For aggressive lymphomas originating in specific sites like the mediastinum and testes, IELSG has completely transformed the treatment landscape through a series of studies.

Primary Mediastinal Large B-cell Lymphoma (PMBCL): IELSG’s early retrospective study was the first to challenge the “dogma” of the time that considered the CHOP regimen (cyclophosphamide, doxorubicin, vincristine, prednisone) as the standard of care for all diffuse large B-cell lymphomas, pointing out its suboptimal efficacy in PMBCL. Subsequently, through the prospective IELSG26 study, the team established the critical role of Positron Emission Tomography (PET) in assessing treatment response in PMBCL, contributing core data to the development of the Lugano Classification. Building on this, the pivotal IELSG37 randomized controlled trial proved that for patients achieving a Complete Metabolic Response (CMR) after chemoimmunotherapy, consolidation radiotherapy could be safely omitted. This successfully spared a large number of young patients from the long-term toxicity of radiotherapy, perfectly illustrating the concept of “precision de-escalation.”
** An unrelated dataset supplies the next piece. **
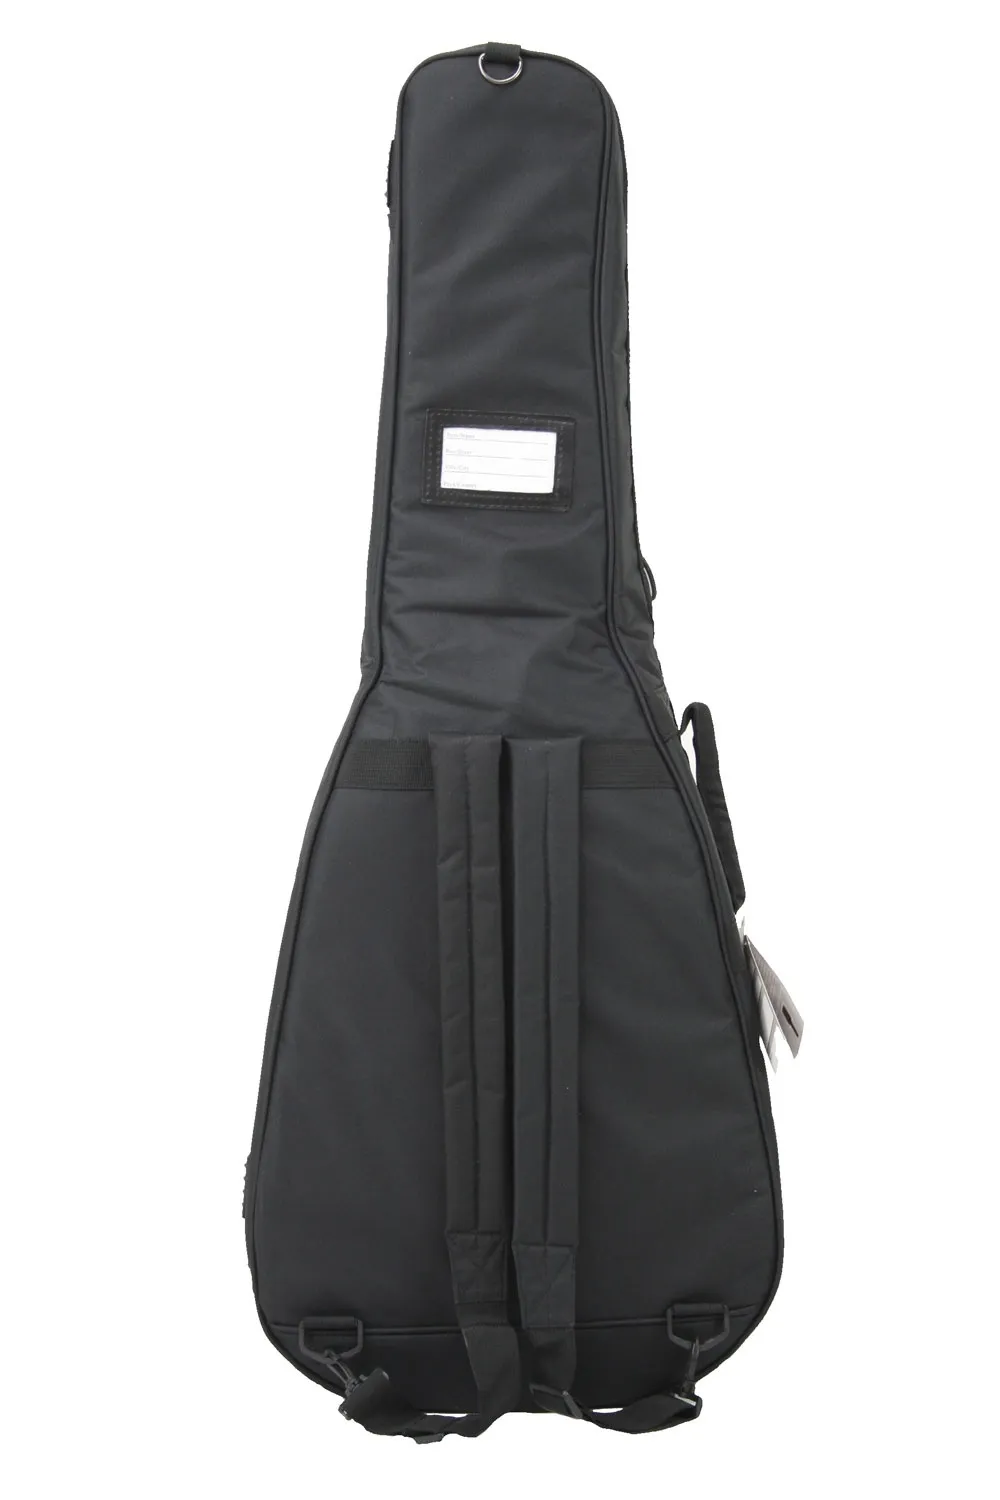 LENZ gepolsterte Gitarretasche für 4/4 Konzertgitarre in schwarz, rueckansicht

Primary Testicular Lymphoma: This disease once had an extremely poor prognosis due to a very high rate of Central Nervous System (CNS) relapse and risk of contralateral testicular involvement. Through a large-scale real-world study, IELSG precisely identified a highly effective combined-modality treatment: an anthracycline-based systemic chemotherapy, intrathecal prophylaxis, and radiotherapy to the contralateral testis. The subsequent prospective IELSG10 study successfully validated this regimen, elevating the prognosis of the disease to a new level. Further research confirmed that a CNS prophylaxis strategy combining systemic Methotrexate with intrathecal injections could achieve a “zero incidence” of CNS relapse, providing the best evidence for clinical practice.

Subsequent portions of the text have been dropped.